* Information supplied *
........
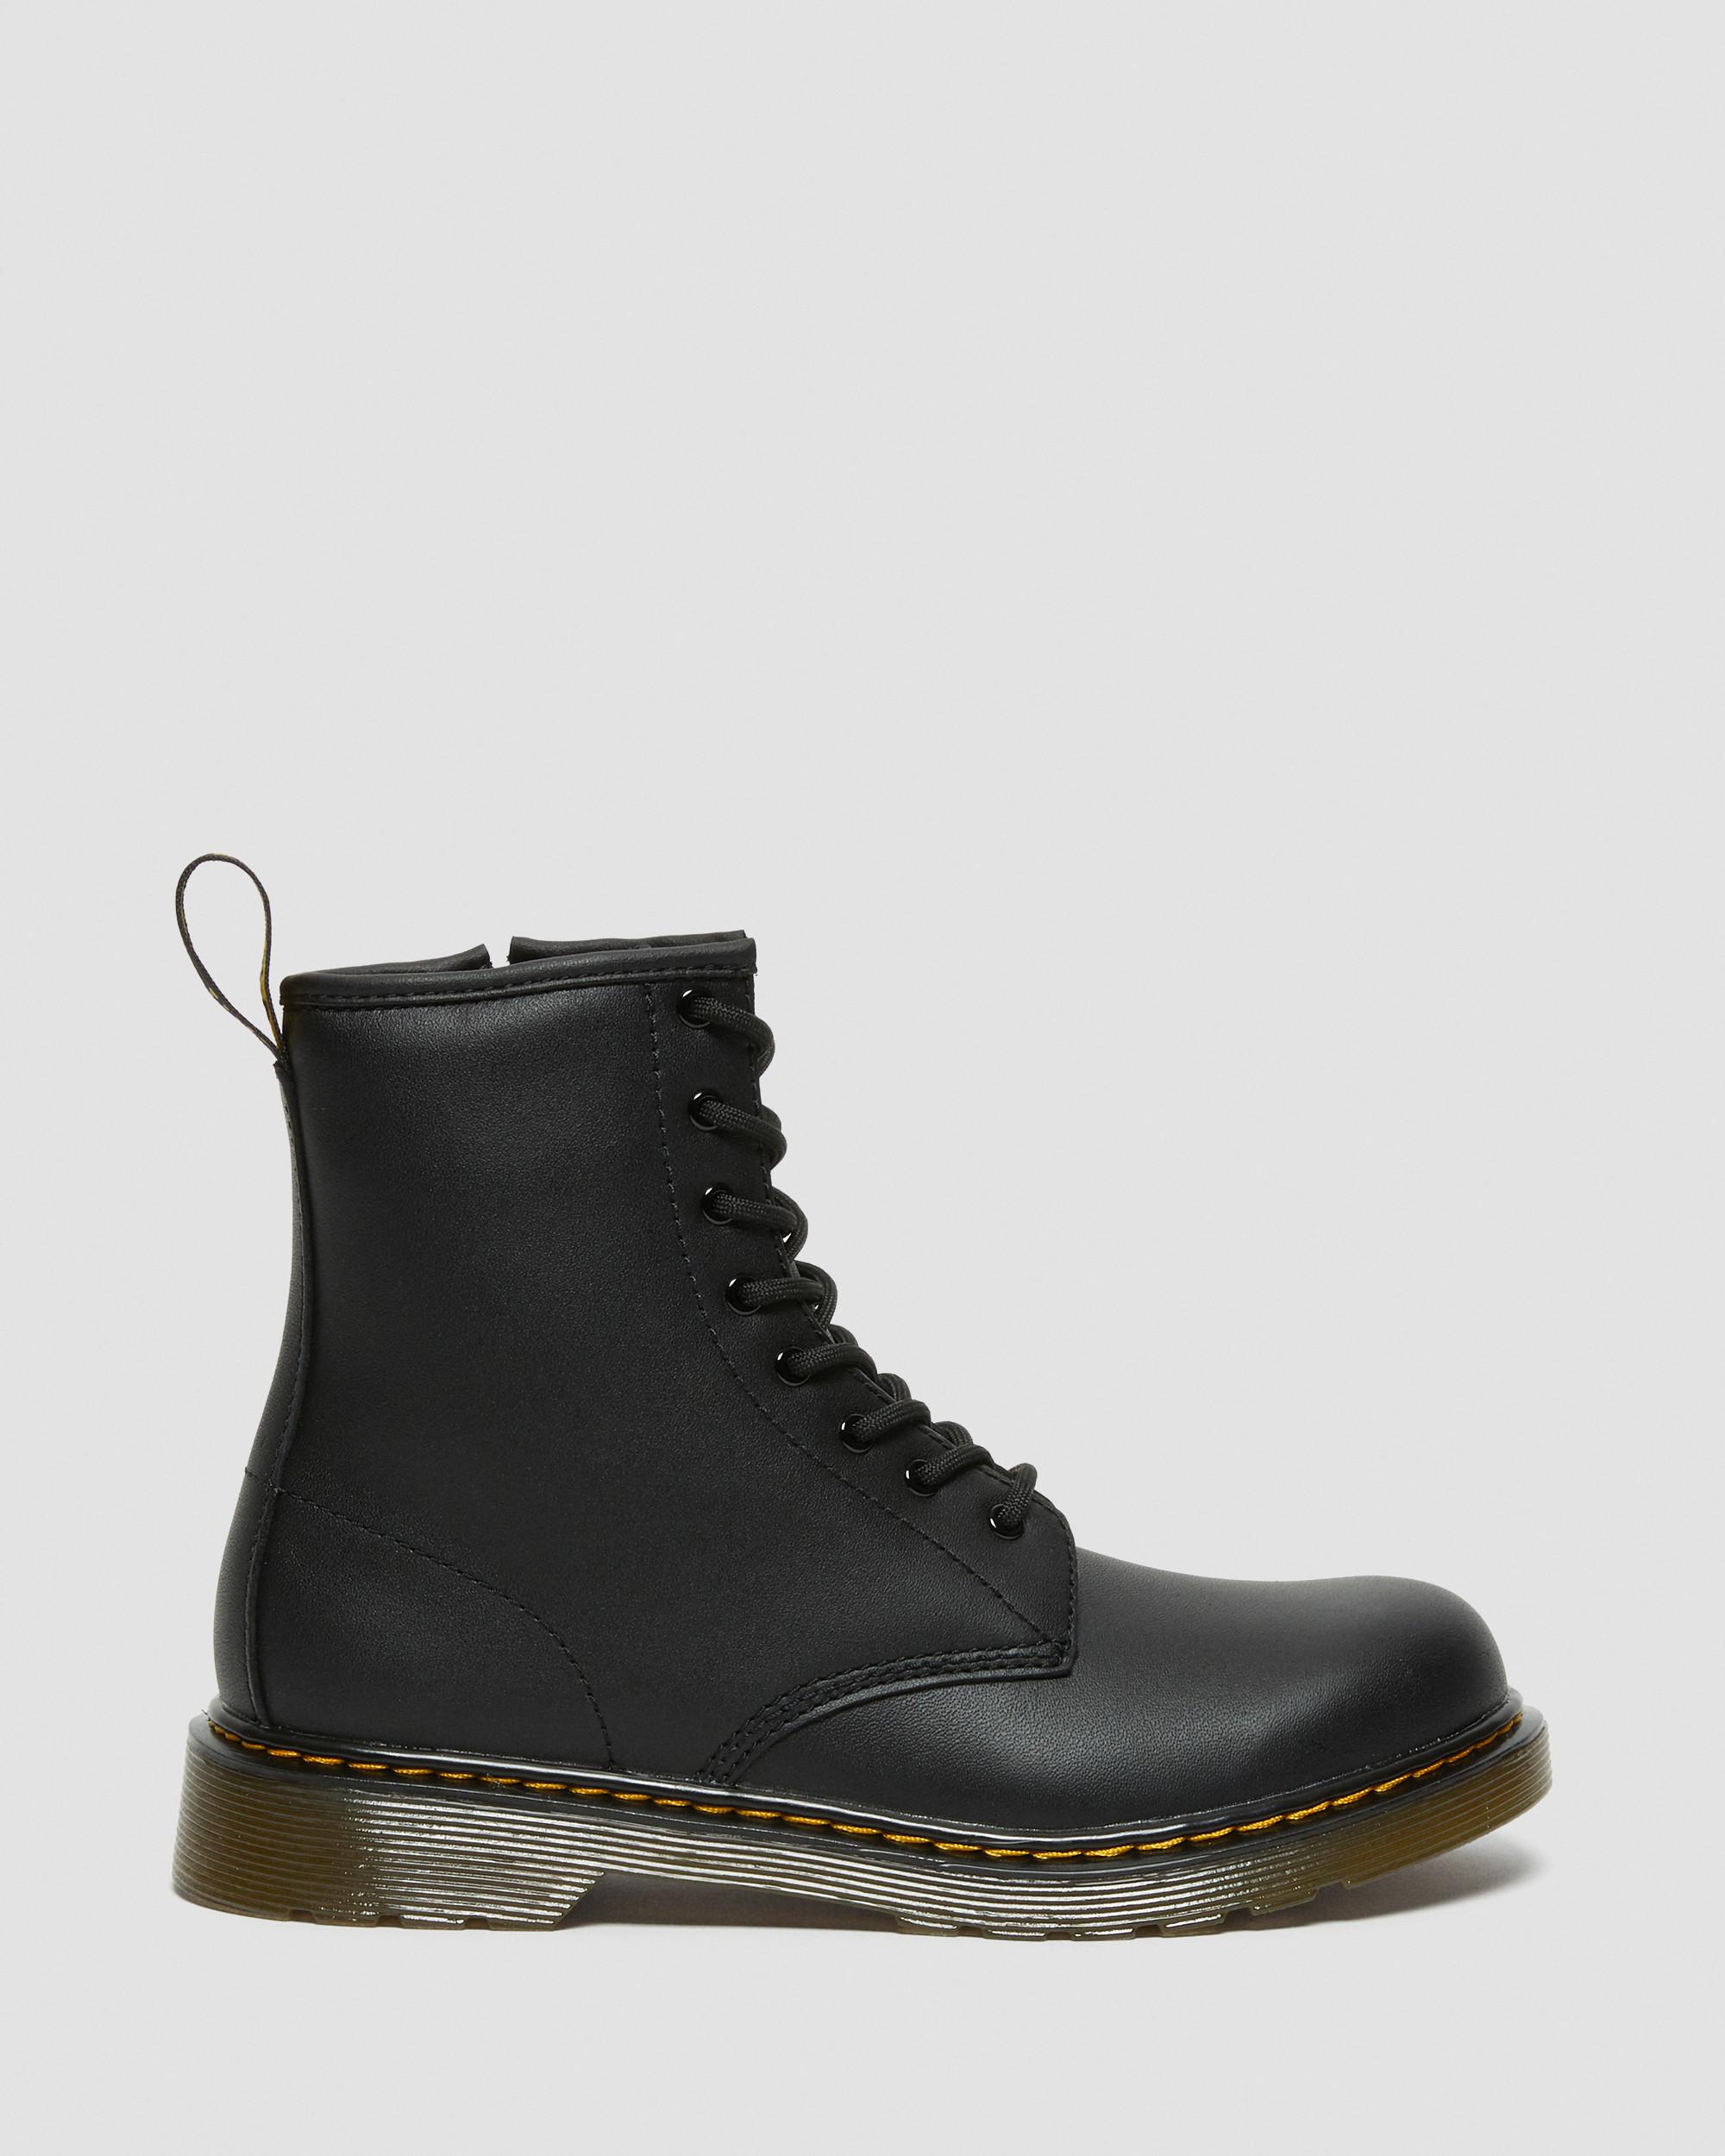 Dr. Martens Women's 1460 W Softy T Fashion Boot
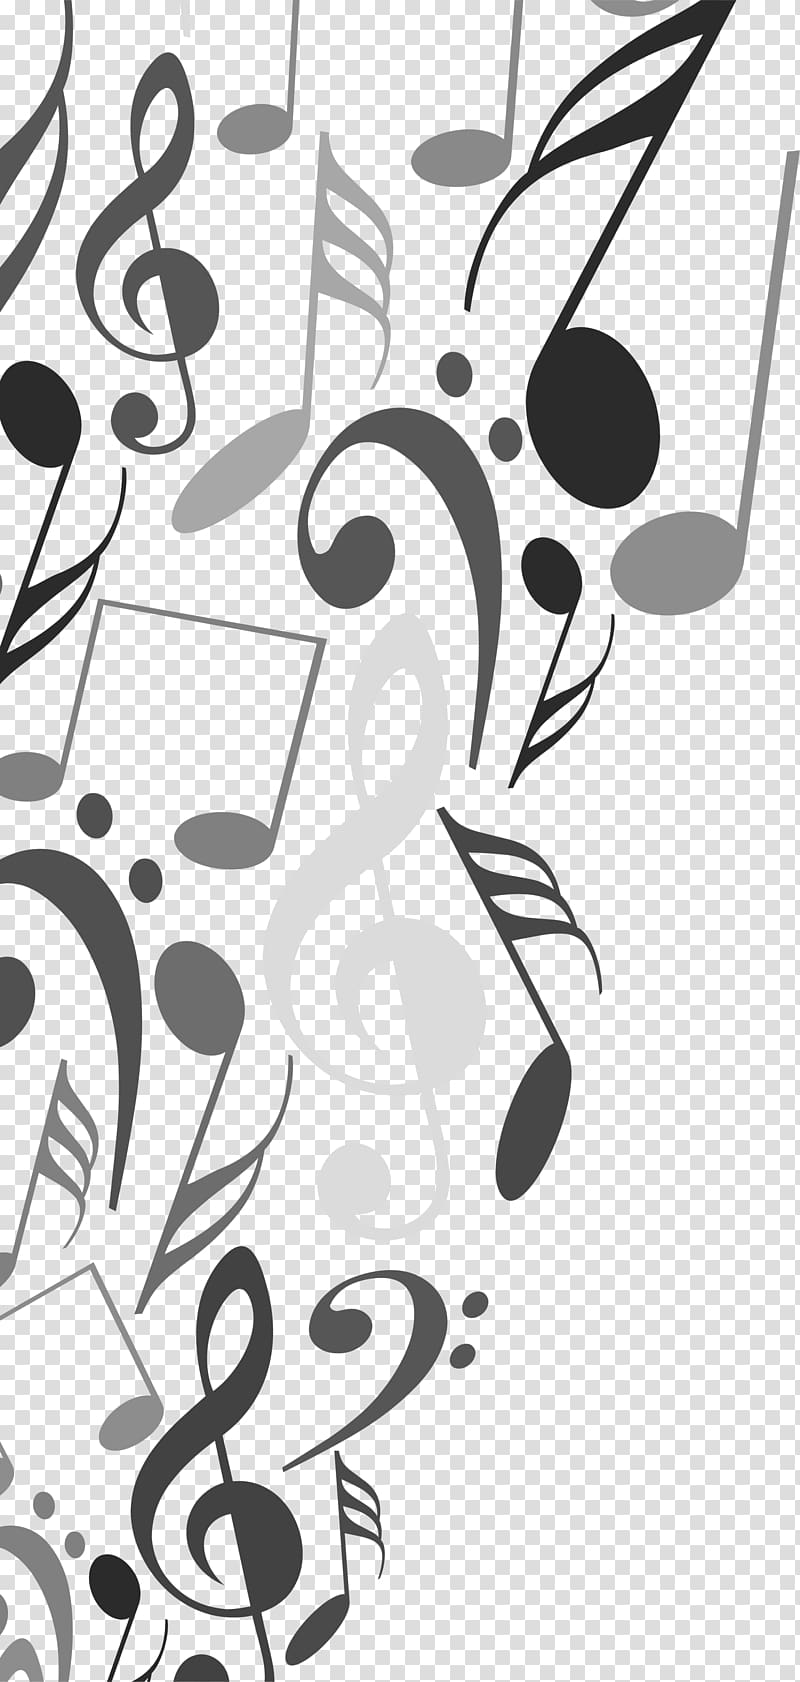 G-clef and note print illustration, Background music Music Illustration, Black notes background transparent background PNG clipart
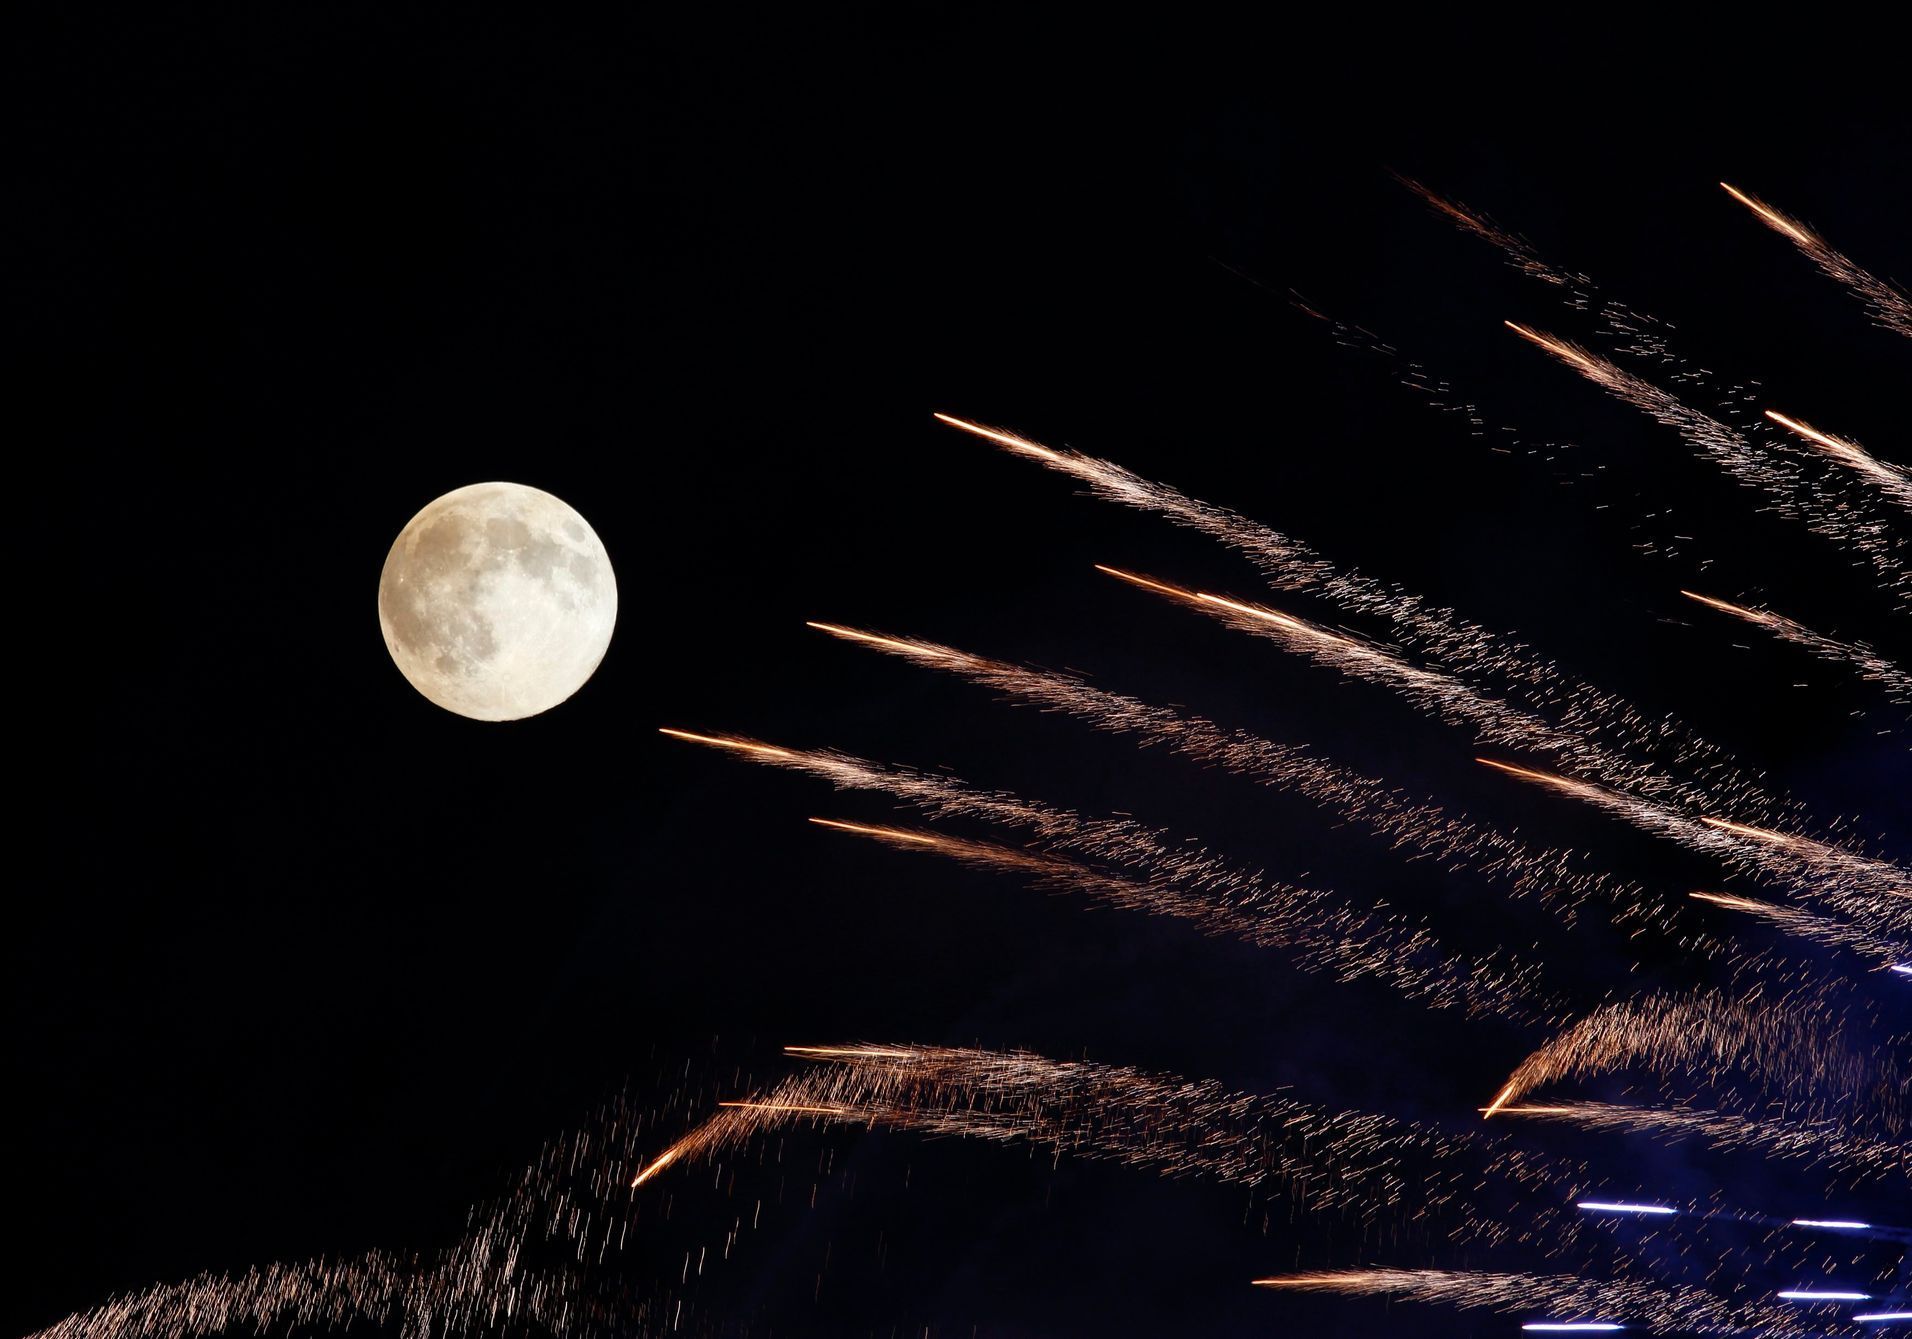 Fireworks streak past in front of the supermoon outside the town of Mosta
........
* Exercise aim *
Transcribe all of the material exactly, leaving out whatever pictures it contains.

* Output for this task *
 Dr. Martens Women's 1460 W Softy T Fashion Boot
 G-clef and note print illustration, Background music Music Illustration, Black notes background transparent background PNG clipart
 Fireworks streak past in front of the supermoon outside the town of Mosta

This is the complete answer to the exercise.